= Association of Professional Ball Players of America =

American nonprofit organization

The Association of Professional Ball Players of America (APBPA) is a United States–based charity set up in 1924 to assist professional baseball players. The organization caters to players from all leagues, including the minor leagues. The organization was started by 12 former players in Los Angeles and now has over 101,000 members. Babe Ruth, Lou Gehrig, and other stars of the 1920s spearheaded the development of the APBPA to help former players who were in need financially or experiencing illness or injuries.

==History==
The proceeds from the 1934 Major League Baseball (MLB) All-Star Game, which was estimated at $45,000–50,000, went to the APBPA. The 1935 MLB All-Star Game in Cleveland, Ohio took in $92,692 in proceeds for the APBPA. In 1941, the Pacific Coast League (PCL) held its first annual PCL All-Star Game and the proceeds for the game were donated to the APBPA.

In 1982, the Old Timers Baseball Classic was created. The event, which was a game between two teams made up of retired baseball players, was sponsored by Cracker Jack and took place in Washington, D.C., at Robert F. Kennedy Memorial Stadium. Part of the proceeds from the game, which was attended by 29,196 people, went to the APBPA. The game became an annual event and parts of the games proceeds went to the APBPA until at least 1989.

A 1986 profile of the APBPA by Los Angeles Times sportswriter Chris Dufresne detailed acts of charity by the organization and expounded upon how they distributed funds. Players were allowed to start taking assistance before their Major League Baseball Players Association pension kicked in at 45 years of age.

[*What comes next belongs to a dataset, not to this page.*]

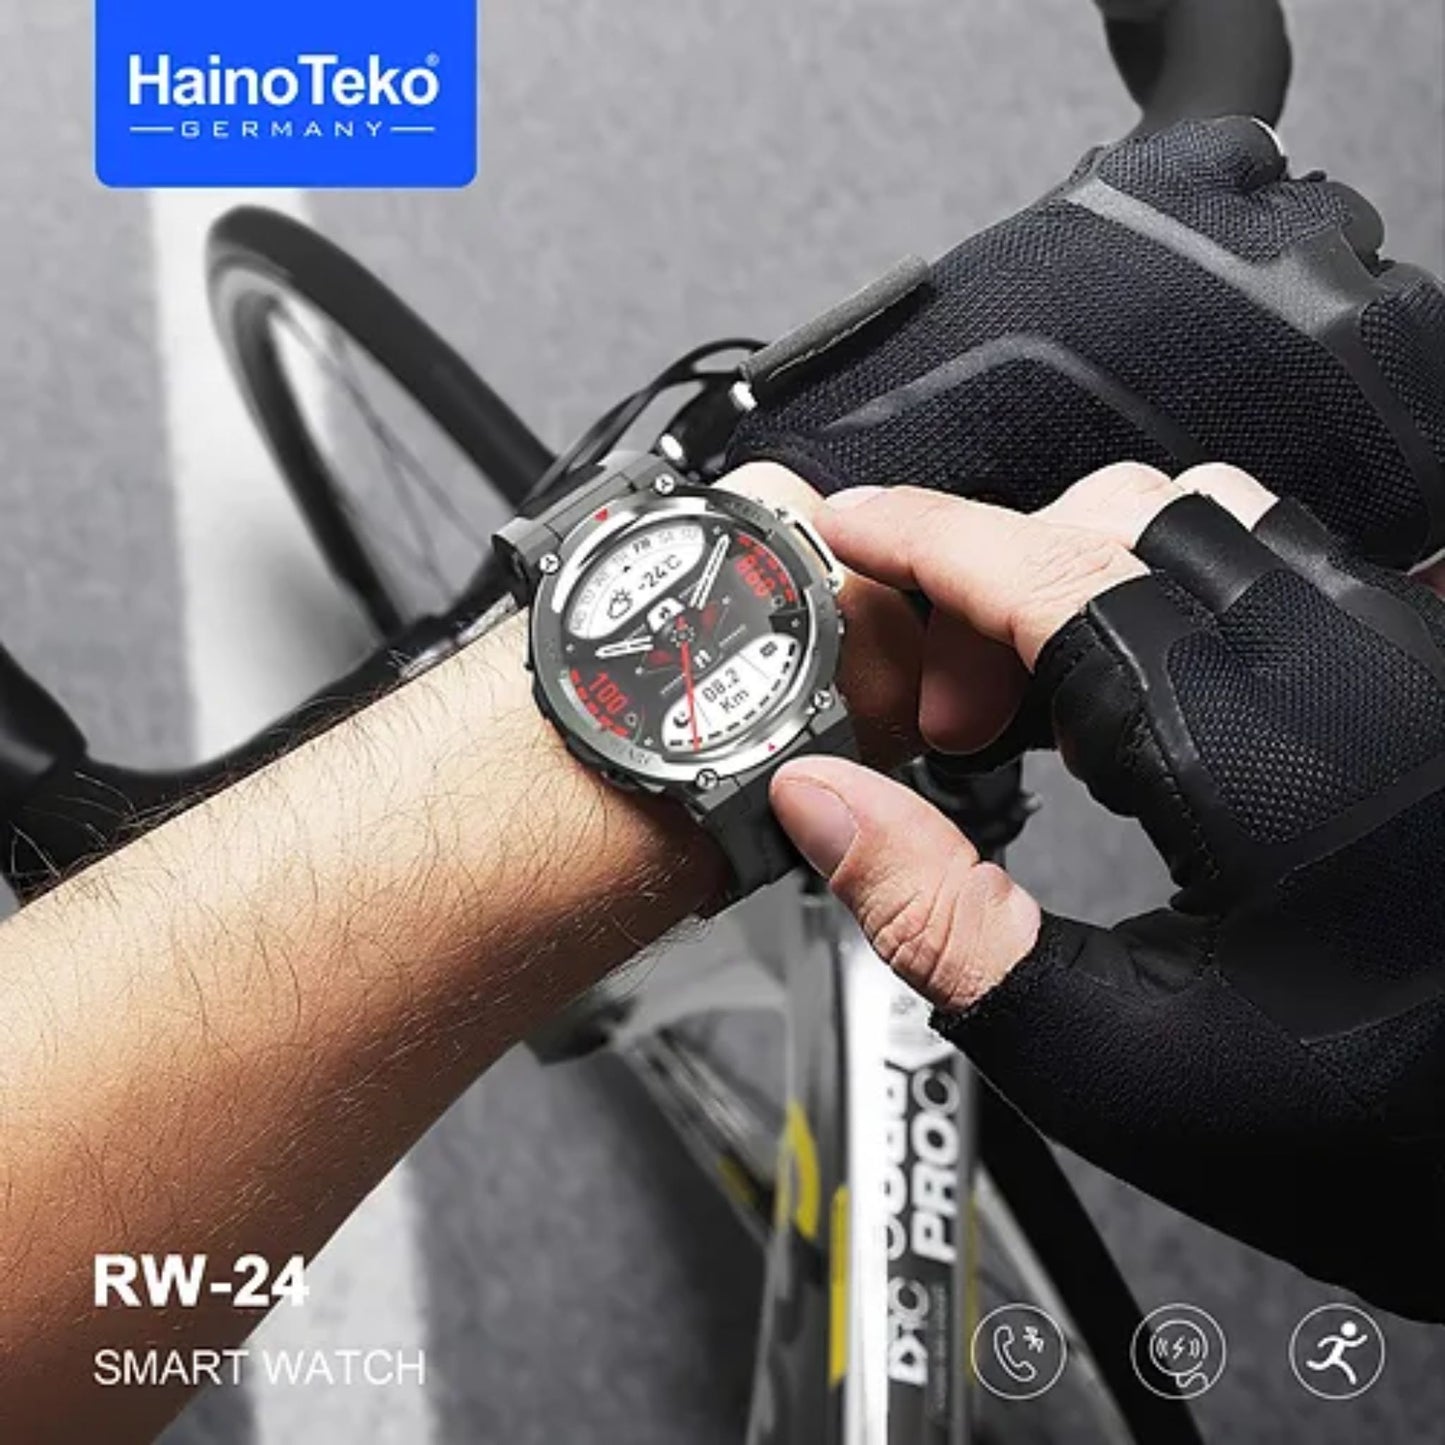 Premium Haino Teko Germany Sports Smart Watch RW-24 with Bluetooth Call-Green

The APBPA accepts membership dues from professional baseball players and issues membership cards. Pete Coscarart was issued an APBPA "Gold Card" which allowed him free admittance to professional baseball games per club courtesy.

An award given out by the APBPA known as the Chuck Stevens Award, named for the organization's former secretary-treasurer, is given out annually to the best minor league baseball player from Southern California. The association currently offers assistance for former players with problems with medical issues.

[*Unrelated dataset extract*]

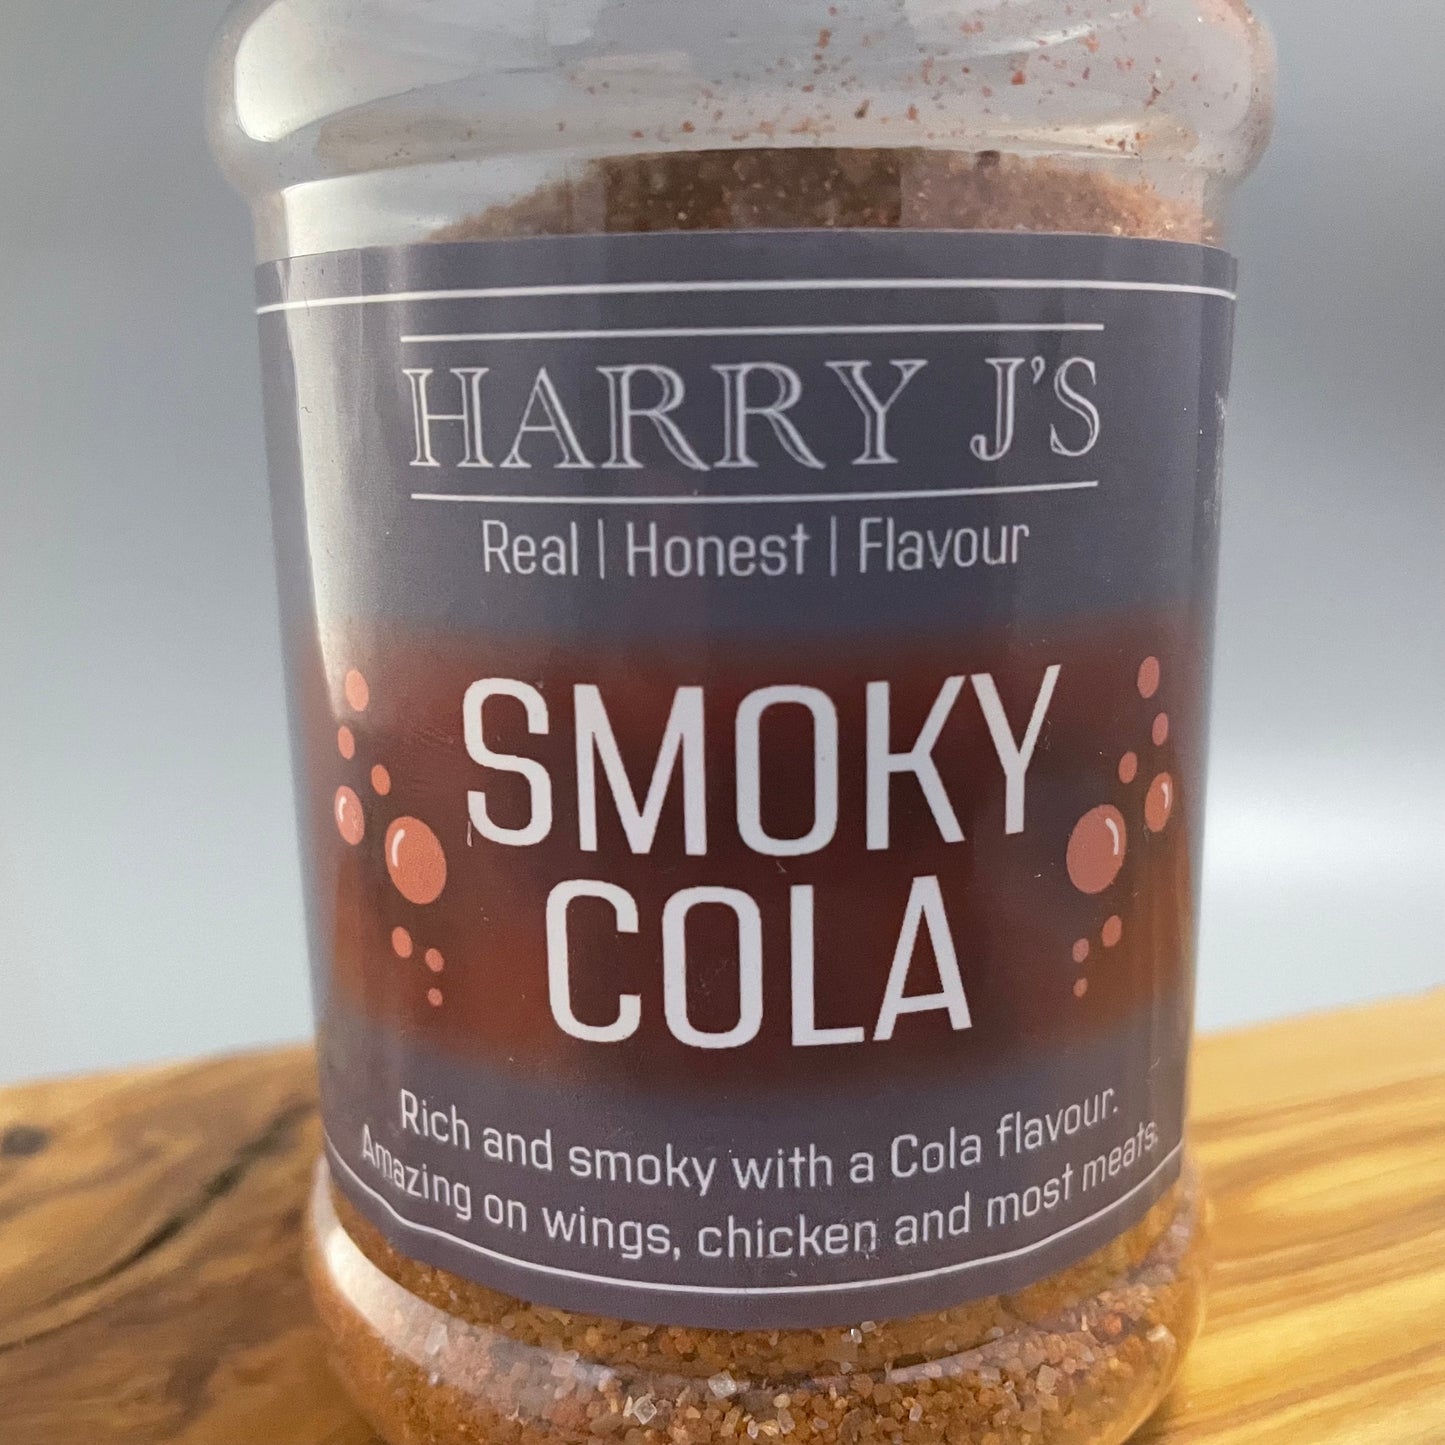 Harry J's Smoky Cola Rub and Seasoning

Kameron Loe serves APBPA as a Board Member and President of the Association providing leadership and direction as the Association approaches its 100th anniversary in 2024. The 2024 APBPA Board of Directors is composed further of Orel Hershiser, Mark Grace, Manny Parra, Kevin Simmons, Gerald Smiley, Steve Bumbry, Tony La Russa, Nick Corso, Dr. Erin Shannon, Howie Bedell, and Peter Weinstein.

The APBPA does not publicize their charity work for the privacy of its members.